Russia Slashes Fuel Exports After Drone Attacks and Fires

Russia has cut its gasoline and diesel exports to non-CIS countries, after drone attacks and fires damaged its refineries and fuel terminals

by Victor Adetimilehin

Russia has drastically cut its gasoline and diesel exports to countries outside the former Soviet bloc, following a series of drone attacks and fires that damaged its refineries and fuel terminals.

The Ministry of Energy said on Wednesday that gasoline and diesel exports have been reduced in January by 37% and 23% respectively from the same month in 2023.

The move comes as Russia is already voluntarily cutting its oil and fuel exports by 500,000 barrels per day in the first quarter, as part of a deal with the Organization of the Petroleum Exporting Countries and allies (OPEC+) to support the energy markets.

But the export cuts announced on Wednesday are separate and prompted by downstream capacity outages, caused by what the ministry called “unplanned repairs” at several refineries.

A Flare-Up of Hostilities

The repairs are the result of a flare-up of hostilities between Russia and Ukraine, which have been at war since 2022 over the annexation of Crimea and the separatist conflict in eastern Ukraine.

Both sides have targeted each other’s energy infrastructure in strikes designed to disrupt supply lines and logistics and to demoralize their opponent.

On Jan. 21, a fire broke out at a huge Baltic Sea fuel export terminal at Ust-luga, as well as a nearby fuel-producing complex, after what Ukrainian media said was a drone attack.

The terminal, operated by Russian energy giant Novatek, is a key hub for exporting naphtha, a refined product used to make gasoline and petrochemicals.

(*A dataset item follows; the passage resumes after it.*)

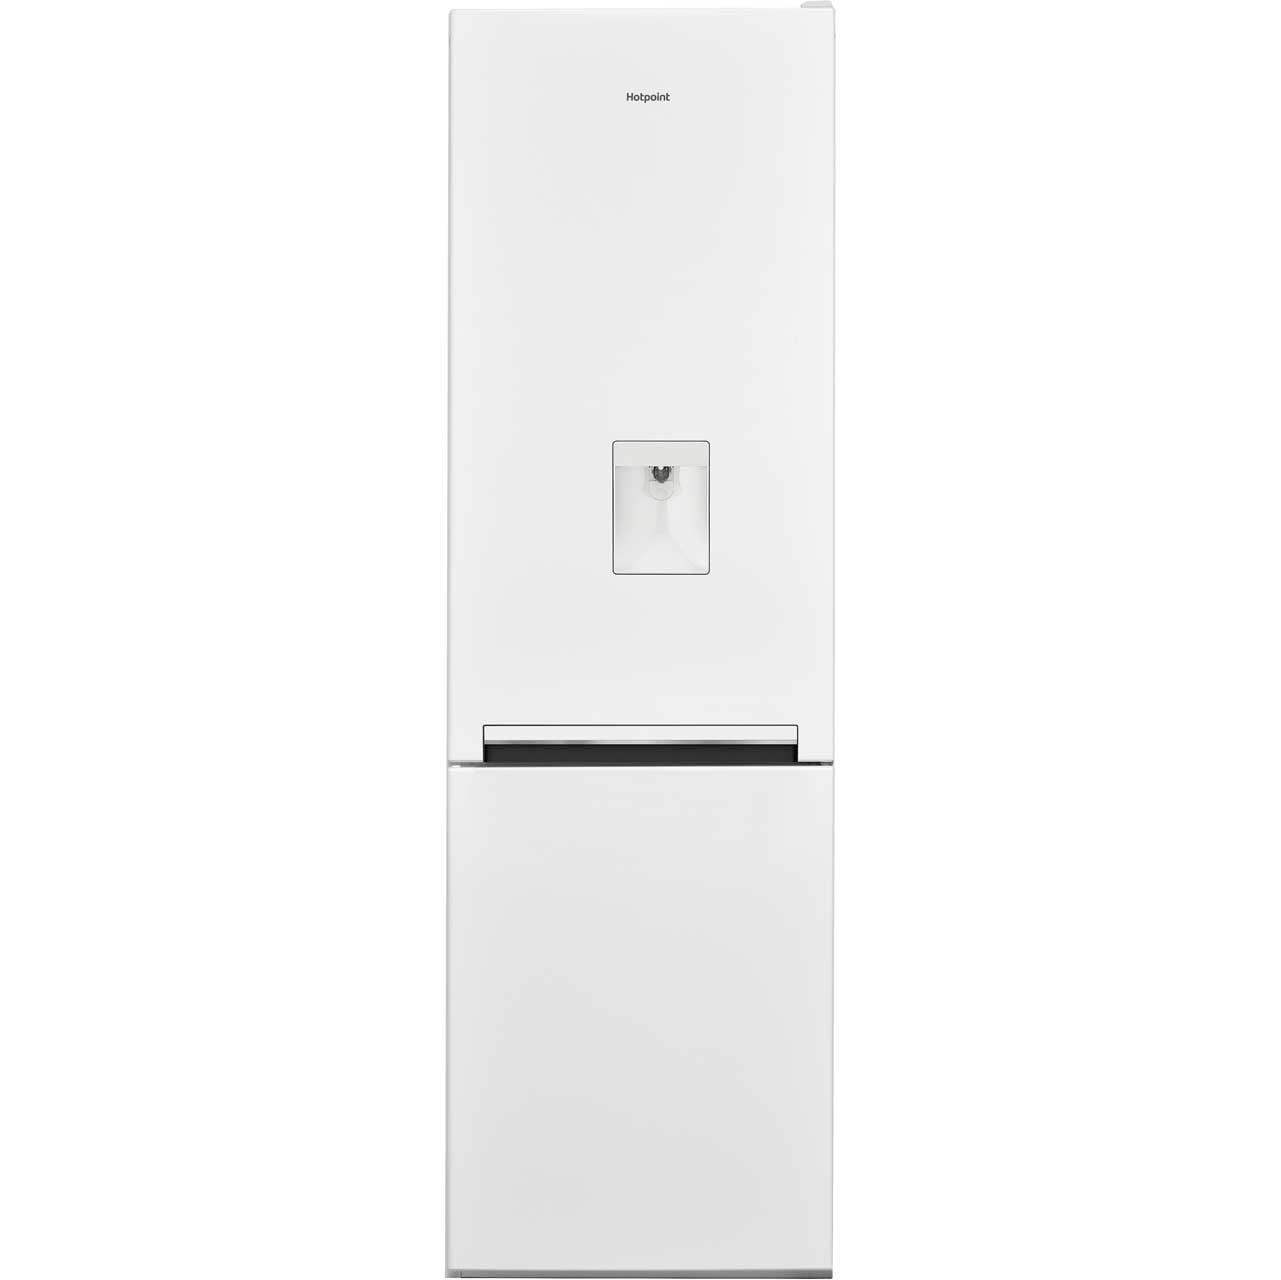 Hotpoint H8A1EWWTD Free Standing Fridge Freezer in White

Russia will likely cut exports of naphtha by some 127,500-136,000 barrels per day, or around a third of its total exports, according to traders and LSEG ship-tracking data.

A week later, another fire, believed to be caused by a technical incident, halted a unit at NORSI, the country’s fourth largest refinery, located near the city of Nizhny Novgorod.

The refinery, owned by Russia’s second-largest oil producer Lukoil, produces gasoline, diesel, jet fuel and other products for domestic and export markets.

Russian Deputy Prime Minister Alexander Novak said on Jan. 27 that repair work would take a month or a month and a half.

A Boost for Domestic Supply

The ministry also said on Wednesday that major Russian oil companies had boosted gasoline production, which resulted in an increase of gasoline supplies to the domestic market in the first 25 days of January by 7%, or 150,000 metric tons, year-on-year, and diesel supplies by almost 17%, or 490,000 tons.

The country’s inventories for ensuring stable supply of the domestic market amount to 1.9 million tons for gasoline and 3.9 million tons for diesel fuel, up 16% and 7% from January 2023, it said.

The ministry said it was monitoring the situation closely and taking measures to prevent any shortages or price spikes in the domestic market.

It also said it was in constant contact with its OPEC+ partners and other major oil producers to coordinate actions to stabilize the global energy market.

Hope for Peace

The export cuts and refinery outages have added to the pressure on the energy sector, which is already facing challenges from the transition to cleaner sources of energy and the impact of climate change.

But they have also highlighted the need for a peaceful resolution of the conflict between Russia and Ukraine, which has claimed thousands of lives and displaced millions of people.

The international community has been calling for a ceasefire and a diplomatic dialogue to end the violence and restore stability in the region.

The United Nations, the European Union, the United States and other countries have also offered humanitarian aid and economic assistance to the affected populations.

Some analysts have suggested that the energy crisis could provide an incentive for both sides to seek a compromise and avoid further escalation.

They have also expressed hope that the recent talks between the leaders of Russia and the United States, as well as the involvement of other regional powers, could pave the way for a lasting peace.